Current identity-consistent video generation methods struggle to preserve appearance fidelity under large viewpoint changes. While introducing multi-view reference input offers a natural solution, progress remains constrained by the lack of effective frameworks for multi-view inputs and the scarcity of multi-view data. We address these challenges by proposing HarmoView, a robust framework for identity-consistent video generation that effectively integrates multi-view cues through three synergistic architectural refinements complemented by a staged training curriculum. Specifically, (1) we first introduce Multi-level Feature Injection (MFI) to anchor identity fidelity; by injecting raw ViT features from frontal reference images alongside text tokens via cross-attention, MFI provides persistent low-level appearance anchors that complement the high-level identity features within DiT blocks, leading to enhanced identity preservation. Then, (2) we employ learnable proxy tokens to unify heterogeneous reference layouts across single- and multi-view settings while simultaneously resolving the reference–view mismatch problem. (3) Jump-RoPE is further developed for identity-wise feature isolation to reduce identity crosstalk. To activate these structural capabilities while preserving the model’s original generative priors, we propose the Progressive View Curriculum, a four-stage training strategy that employs view dropout to facilitate a stable transition from vanilla T2V generation to high-fidelity, identity-persistent spatial reasoning. Furthermore, we construct a large-scale multi-view dataset to address the issue of data scarcity using an in-house LoRA-augmented pipeline and multi-stage filtering processes. Extensive evaluation on our multi-view benchmark—comprising 100 manually-curated cases spanning 52 unique identities—demonstrates that HarmoView significantly outperforms open-source baselines and matches leading closed-source engines, achieving state-of-the-art performance in identity-consistent video generation.

Method Overview

Three architectural refinements on a pre-trained Wan2.2-T2V backbone, plus a four-stage Progressive View Curriculum for stable training.

HarmoView framework overview
Figure 1. Overview of HarmoView. Multi-view references are encoded and concatenated with video noise along the sequence dimension, while frontal appearance features are injected into the text branch via cross-attention. Missing views are filled with learnable proxy tokens, and Jump-RoPE inserts positional gaps to isolate different identities. The four-stage Progressive View Curriculum (PVC) drives a stable transition from single-view to multi-view spatial reasoning.
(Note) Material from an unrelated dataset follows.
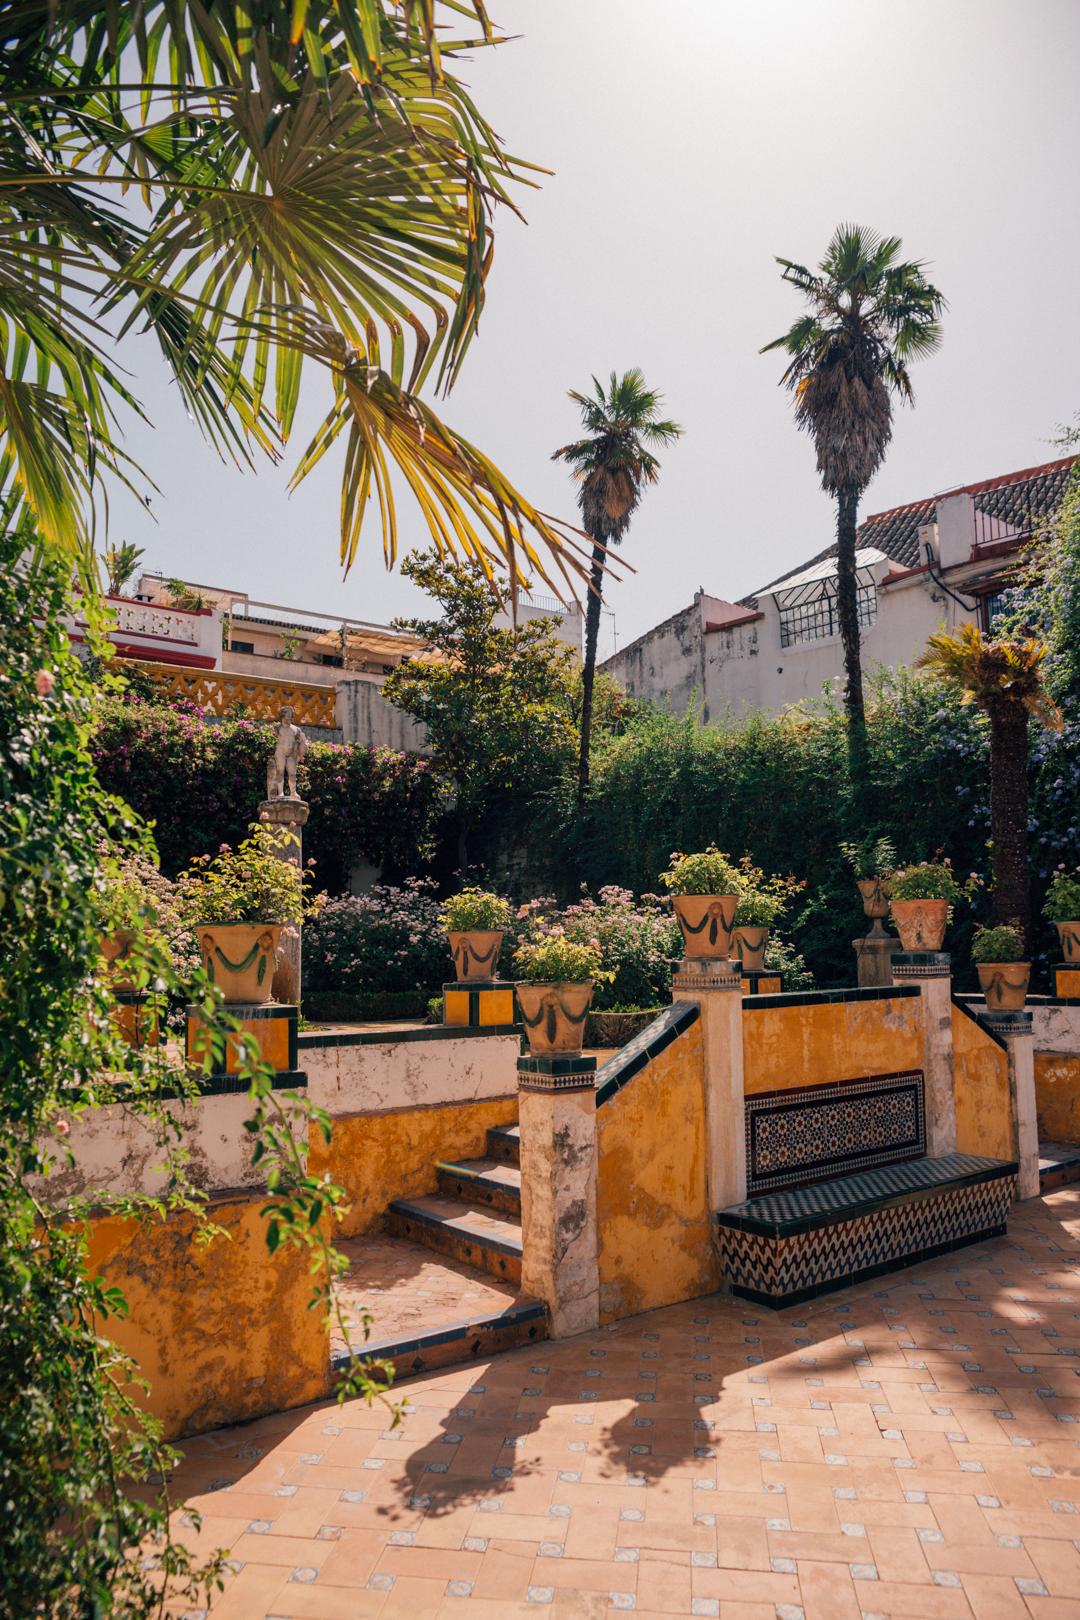 Casa de Pilatos in Seville, Spain

MFIMulti-level Feature Injection

Raw ViT appearance features from frontal references are projected and concatenated with text tokens, providing persistent low-level identity anchors that complement the high-level features inside the DiT blocks throughout the entire denoising process.

LPTLearnable Proxy Tokens

Learnable placeholders unify the sequence layout across single- and multi-view settings. They act as “attention sinks” that absorb unmappable features, mitigating the reference–view mismatch problem and stabilizing the structural priors of the backbone.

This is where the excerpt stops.